In Alabama, a near-majority (45 percent) said “Muslim,” while 41 percent said “unsure.” Only 14 percent said Obama is a Christian.

In Mississippi, a majority (52 percent) said the president was Muslim, while 36 percent said they are unsure and only 12 percent said Obama was a Christian.

Republicans in these states hold these views despite Obama’s own public profession of Christian faith and the fact that there’s no credible evidence that he’s a Muslim. And yet this belief persists. Why?

It’s impossible to know without doing more research and in-depth interviews. But my hunch is that there are several factors at play.

One of them is the belief of some Republicans that because Obama is a political liberal, he cannot be a Christian. I strongly dissent from this view, but there are those who believe the only “good” Christian is a conservative one; that faith in Jesus translates into a high score from the American Conservative Union. Another reason undoubtedly has to do with Obama’s family history (his father and step-father were Muslim) and his middle name. A third reason may have to do with the durability of Internet conspiracies. We live in an age in which people can find sources of support for virtually any view they hold, including elaborate conspiracy theories. And of course one cannot discount simple ignorance as a factor.

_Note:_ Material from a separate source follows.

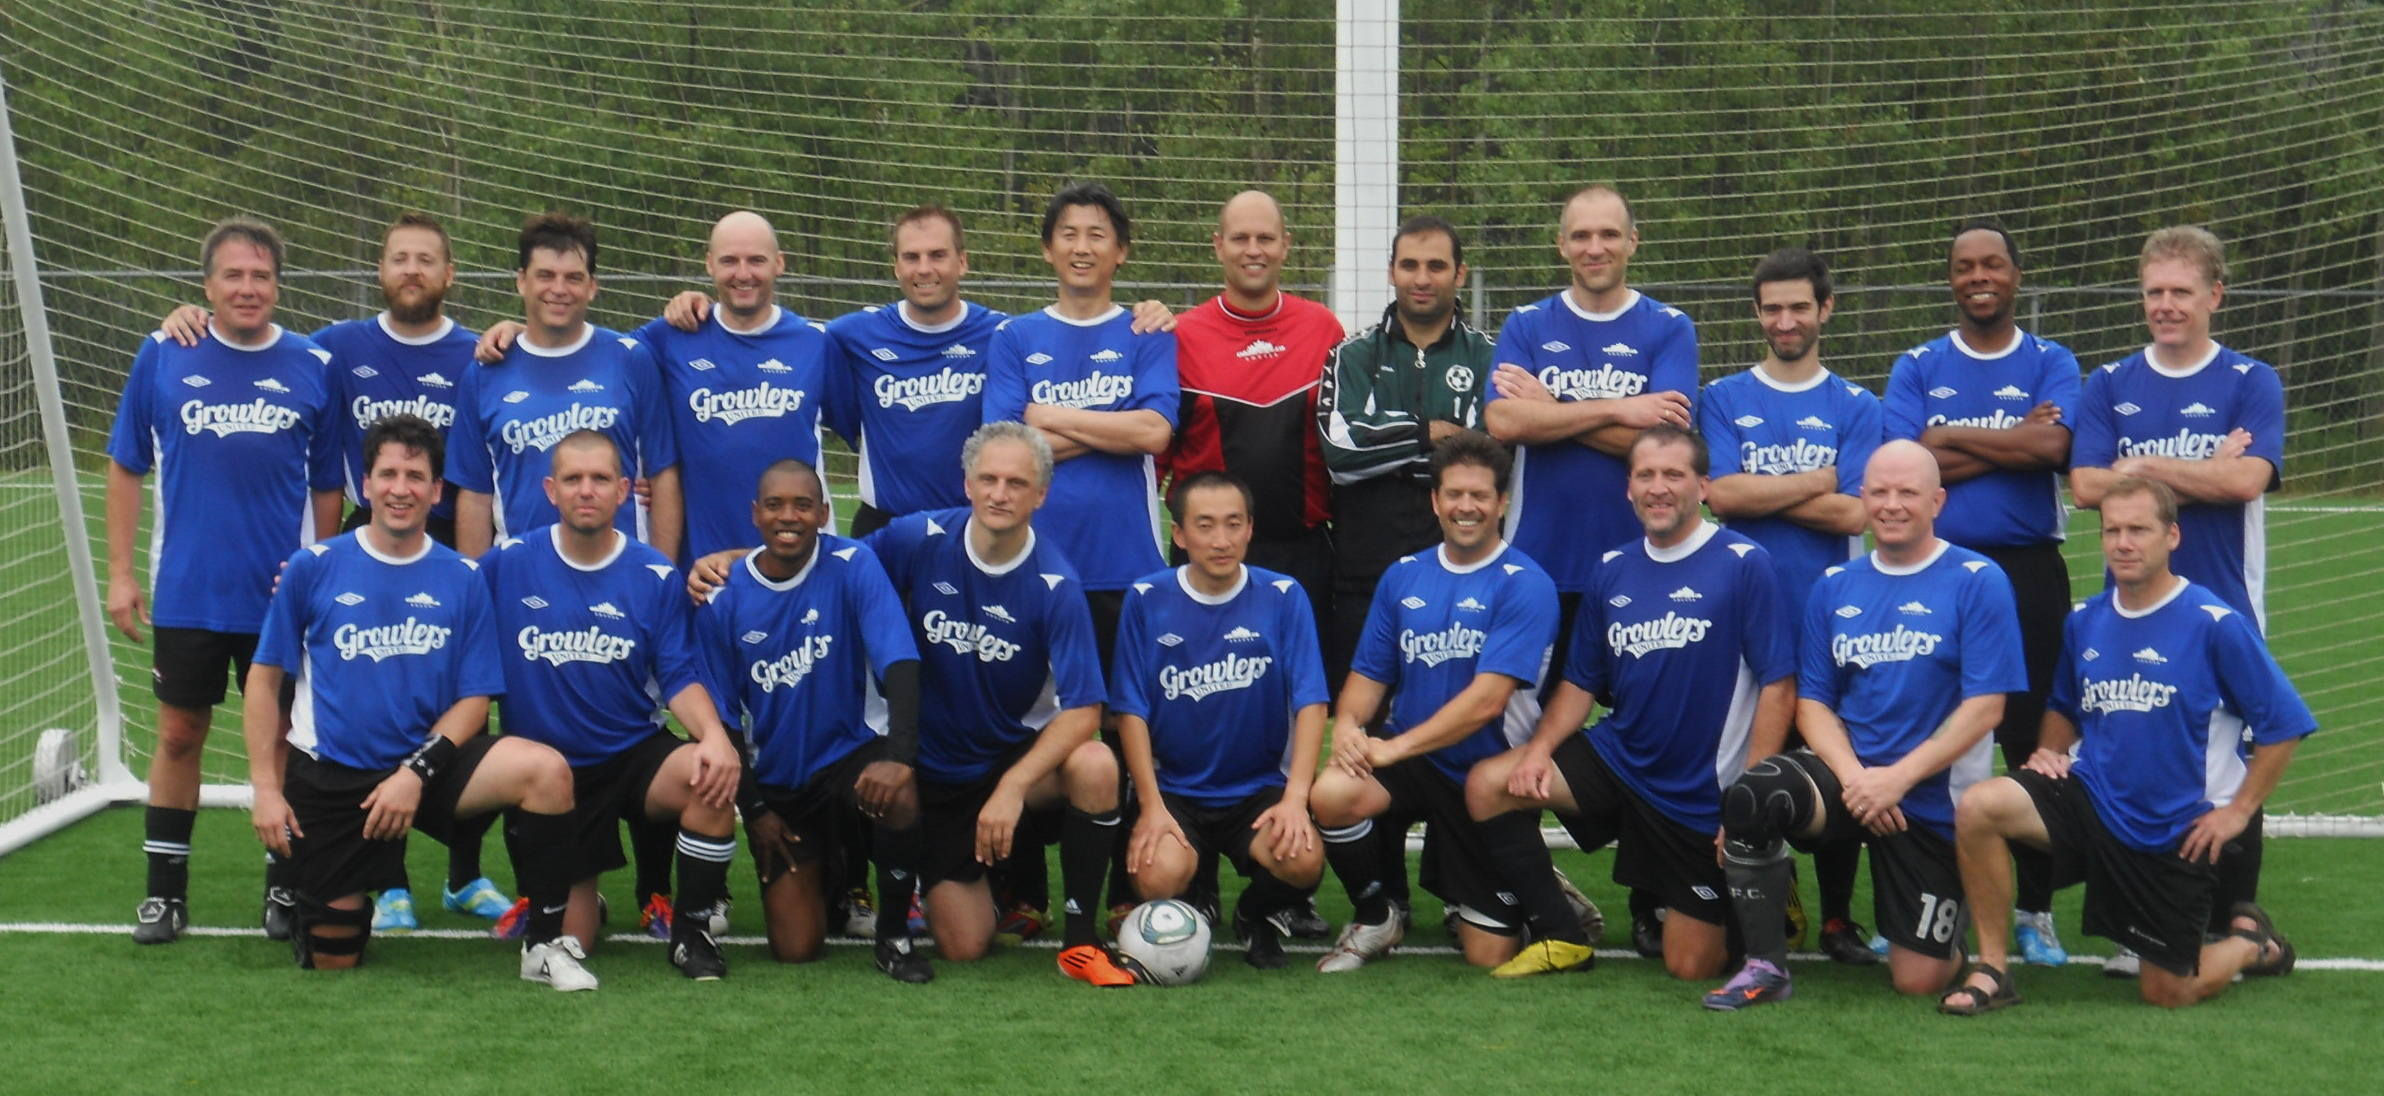 Old Boys' Soccer Club 2011 Prov Team

But there’s something deeper and more disturbing going on, I think. We live in a political culture that is so polarized that for some people, the worst thing that is said about one’s political opponent is assumed to be true. Being a Muslim shouldn’t automatically disqualify a person from being a president, of course; but for many people who (absurdly) assume that being a person of the Muslim faith and being a jihadist are interchangeable, it is.

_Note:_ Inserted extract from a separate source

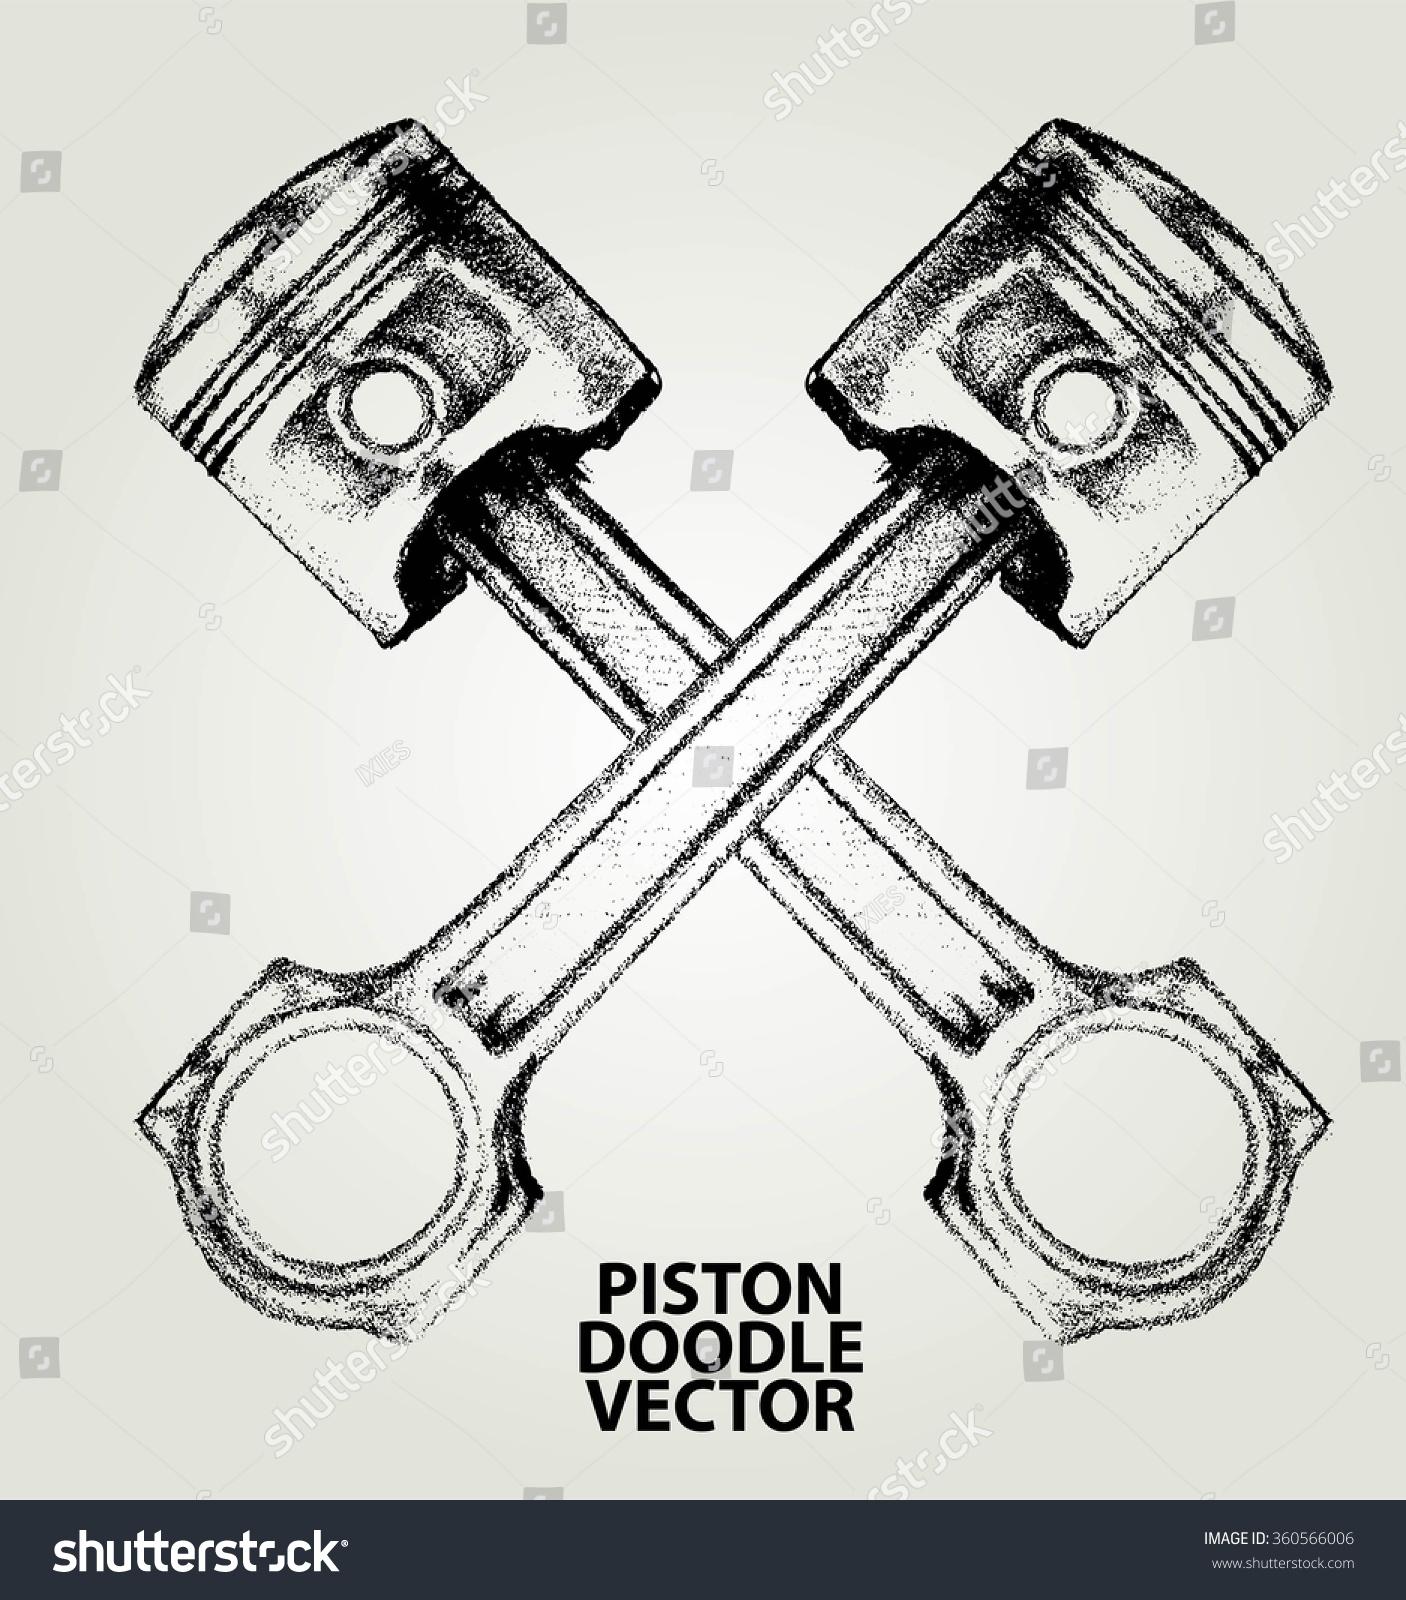 ... Engine pistons tattoo design stock vectors & vector clip art

Like the birth certificate issue, the claim that Obama is a Muslim [read: terrorist sympathizer] is a pernicious effort by some to discredit and disqualify him. It focuses on make-believe charges at the expense of real policy disagreements. But in some respects it’s even worse than the birth certificate issue, because it attempts to divide us on explicitly religious grounds, something that America at its best has always avoided.

I served a president who was at the center of crazy left-wing conspiracies. Ben Smith, then of Politico, reported: “More than half of Democrats, according to a neutral survey, said they believed Bush was complicit in the 9/11 terror attacks.” They asserted this not because there was a shred of evidence to support it but because they wanted to believe the worst they could about a president they had come to hate.

Those on the right shouldn’t replicate a similar tactic when it comes to President Obama. The GOP presidential candidates, if and when they’re asked about it, should do everything they reasonably can to discredit this belief which is, in some places at least, widespread. There are right ways and wrong ways to win elections – and Obama should not lose this election, or even a single vote, based on the false claim that he’s a Muslim.